[[ Available data, beginning ]]
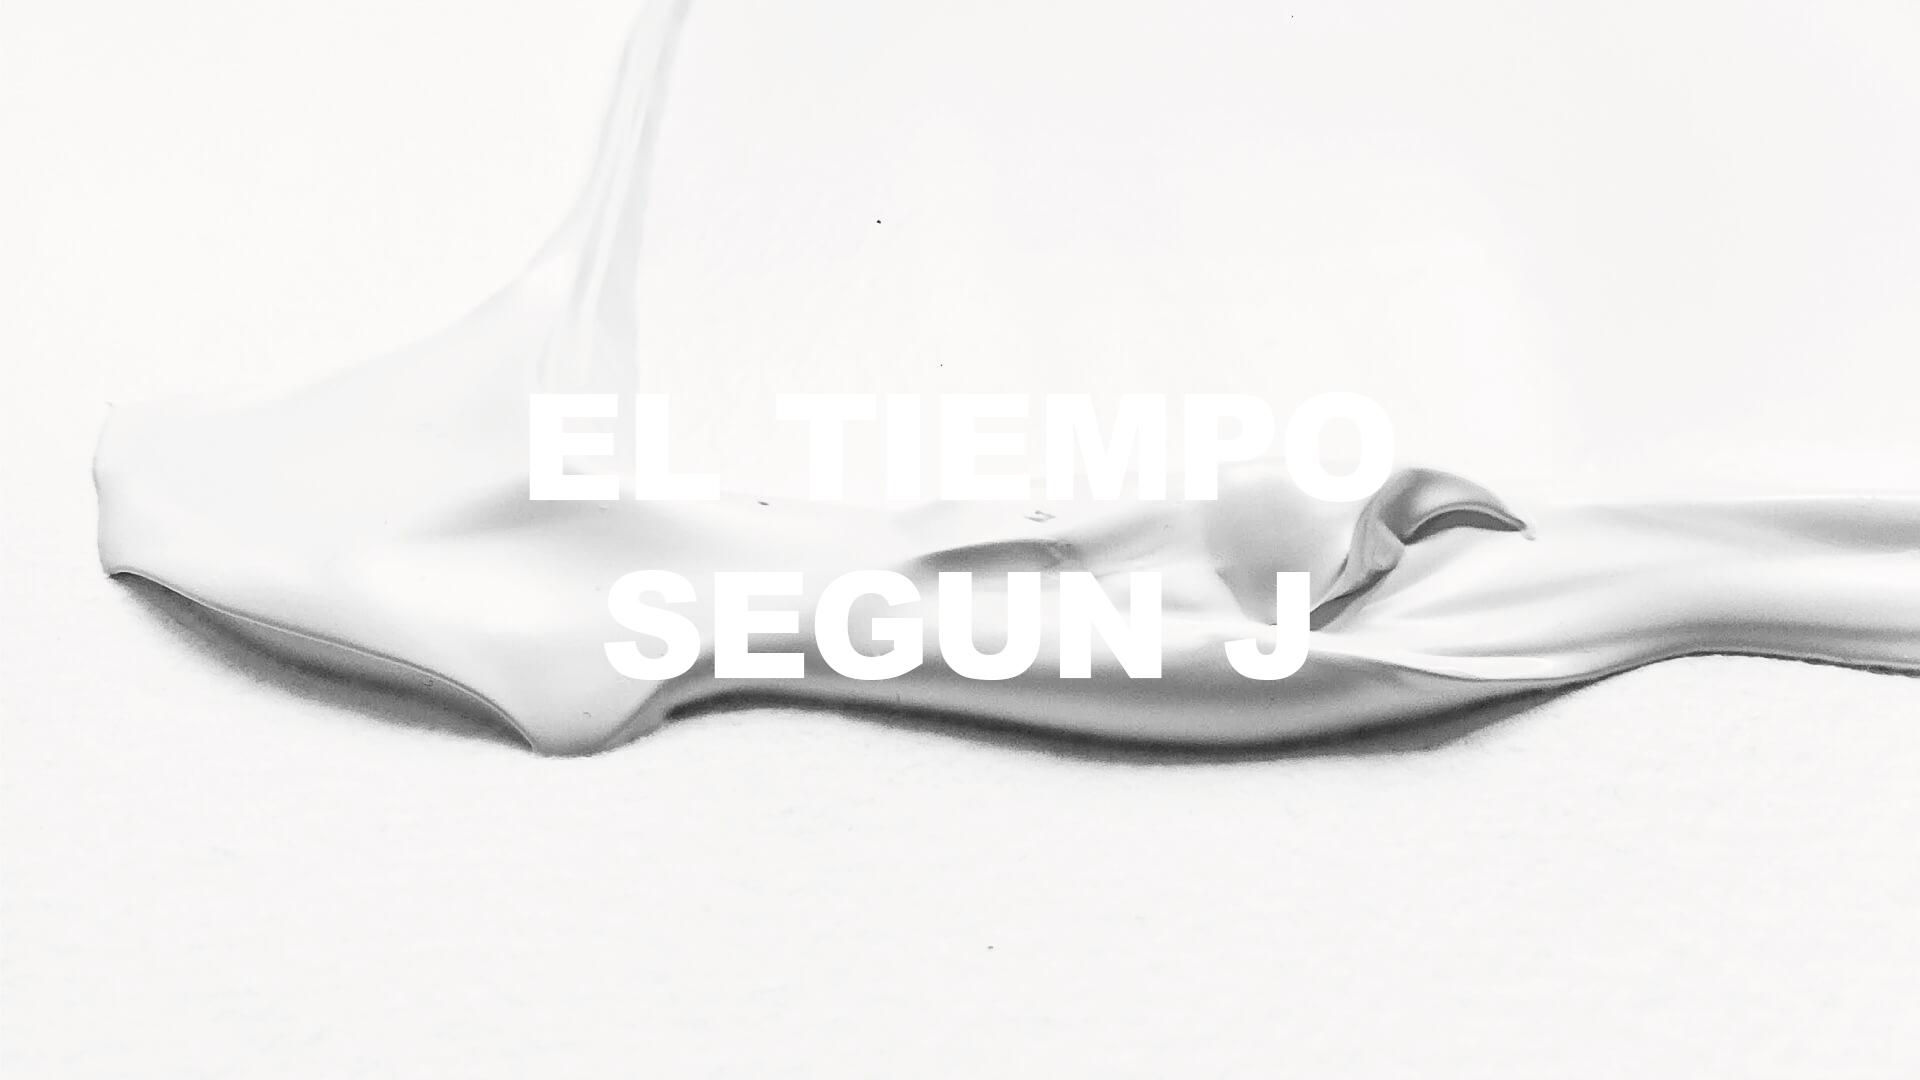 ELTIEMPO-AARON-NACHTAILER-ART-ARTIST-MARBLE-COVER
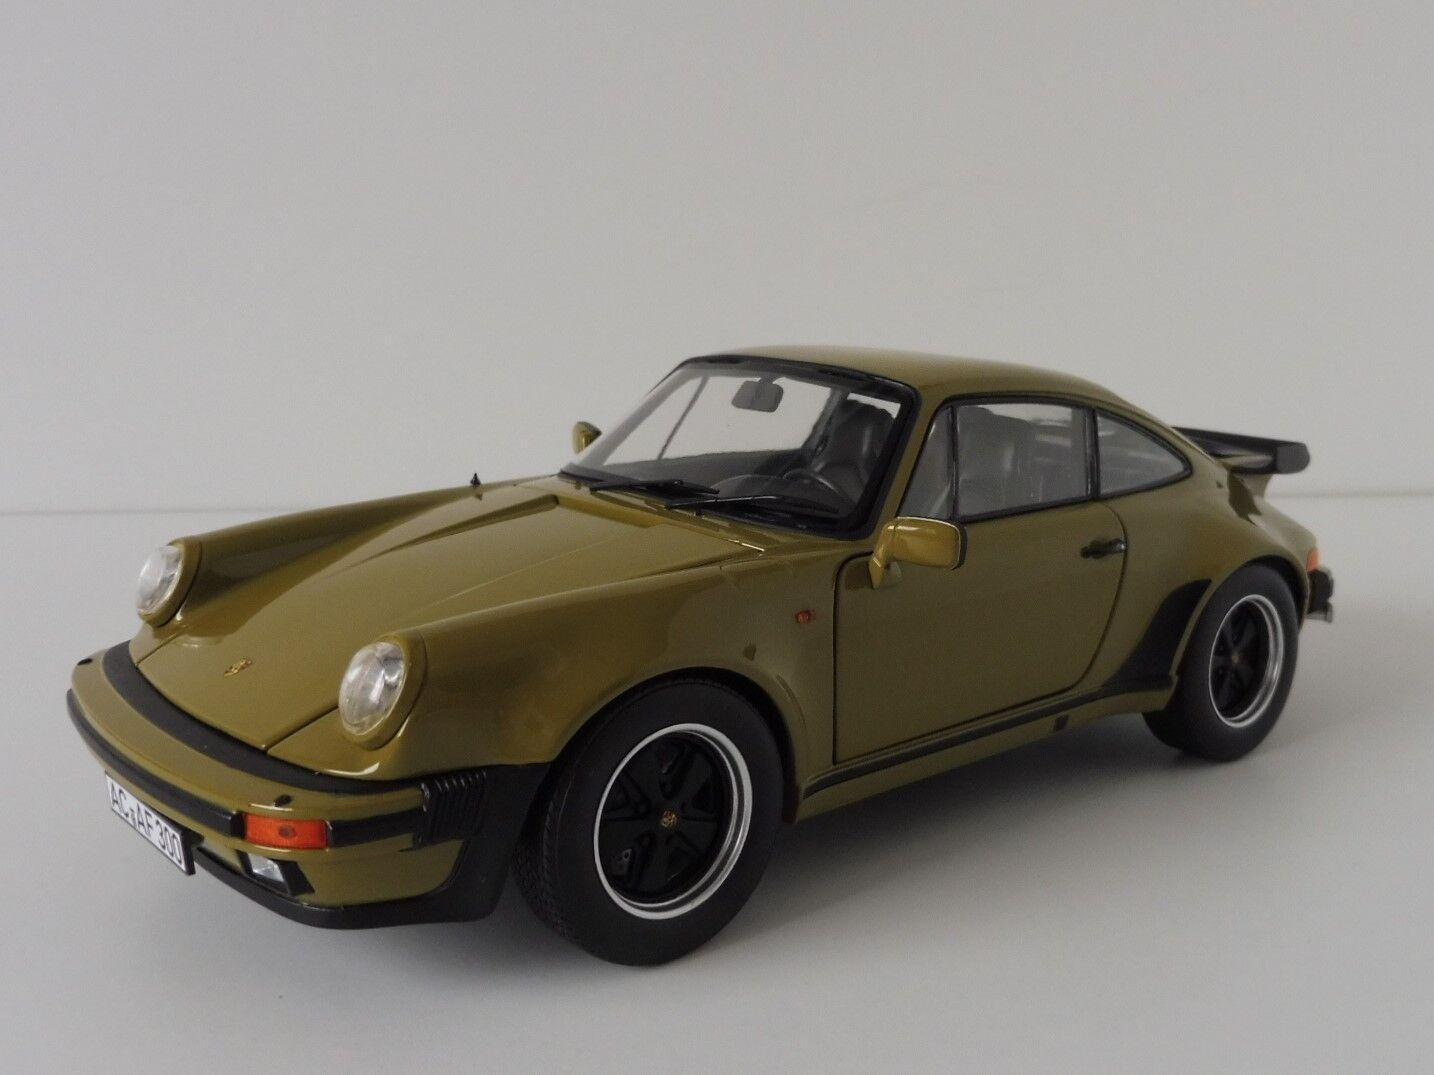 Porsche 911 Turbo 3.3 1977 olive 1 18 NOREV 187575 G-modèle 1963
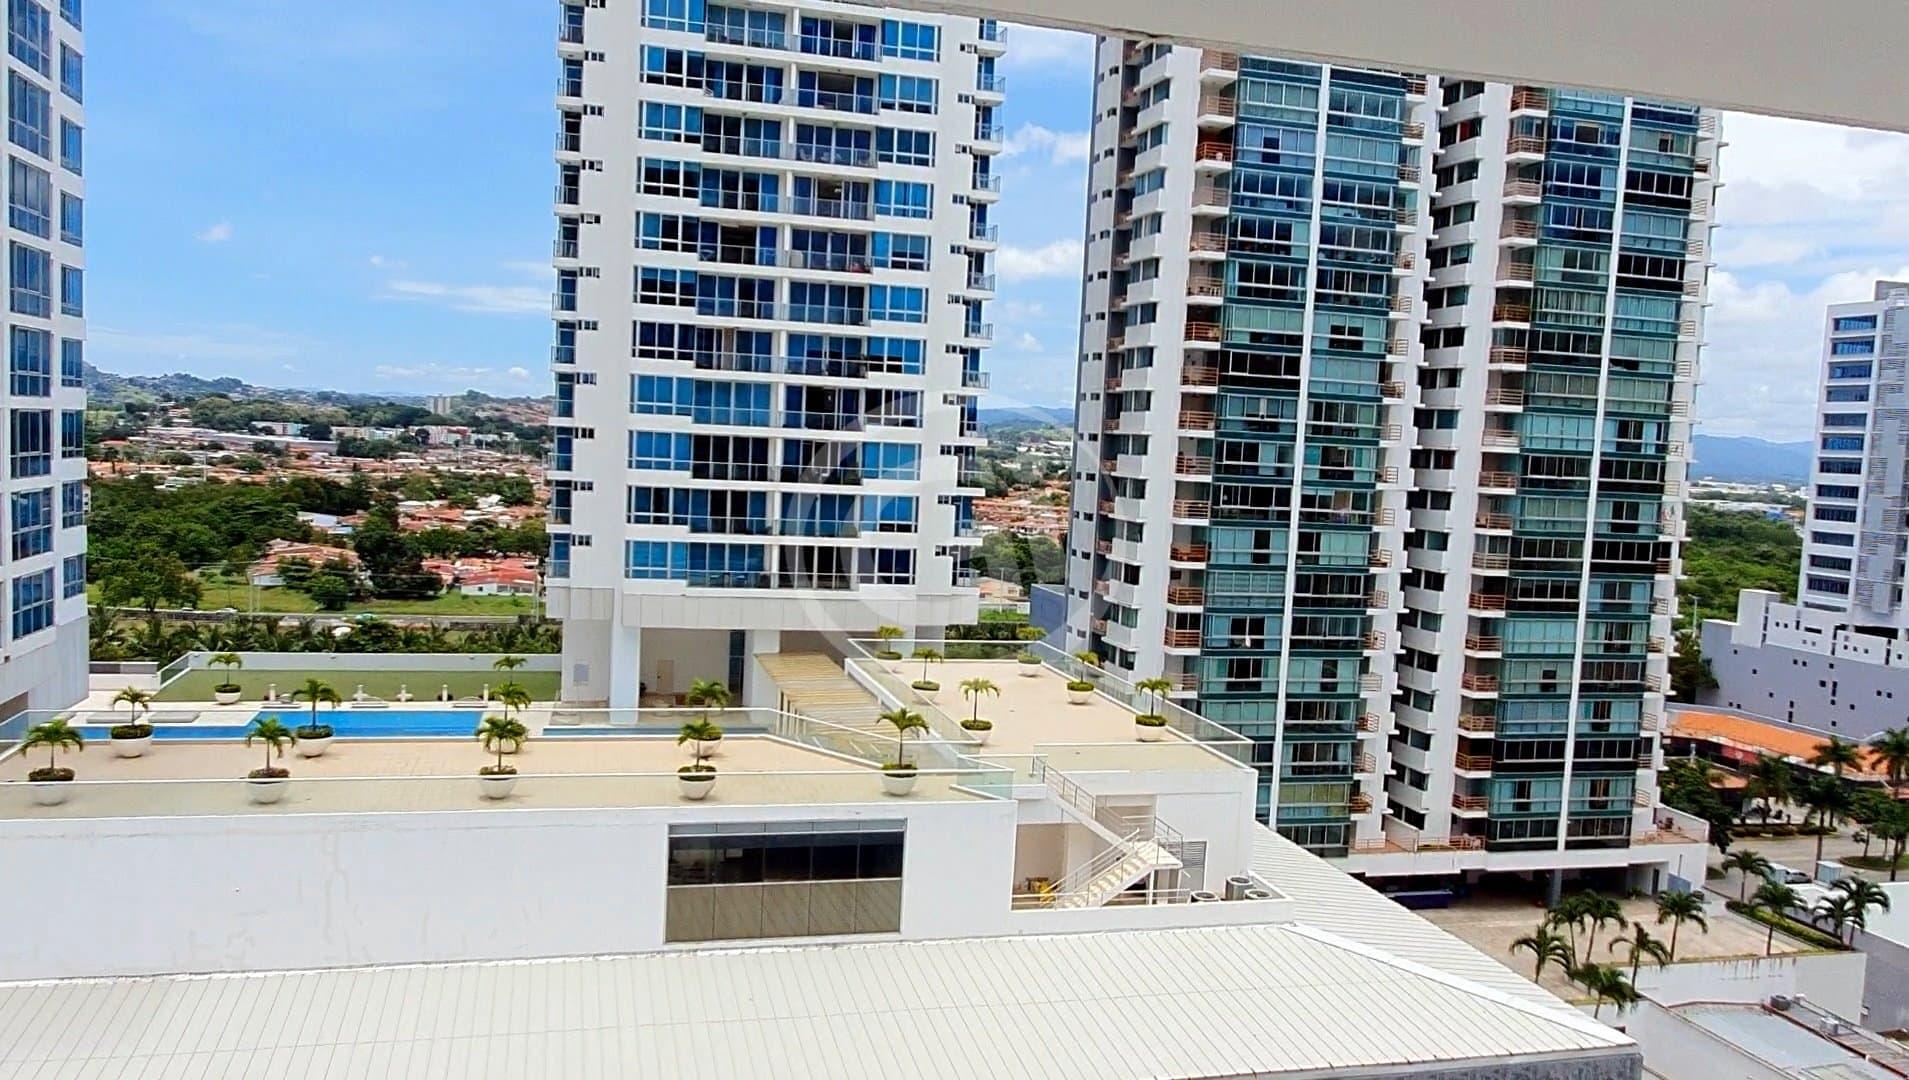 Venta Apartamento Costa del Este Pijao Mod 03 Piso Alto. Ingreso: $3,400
[[ Available data, end ]]
- Try it: The answer should contain all the material above, copied exactly, and no images.

- Answer section:
 ELTIEMPO-AARON-NACHTAILER-ART-ARTIST-MARBLE-COVER
 Porsche 911 Turbo 3.3 1977 olive 1 18 NOREV 187575 G-modèle 1963
 Venta Apartamento Costa del Este Pijao Mod 03 Piso Alto. Ingreso: $3,400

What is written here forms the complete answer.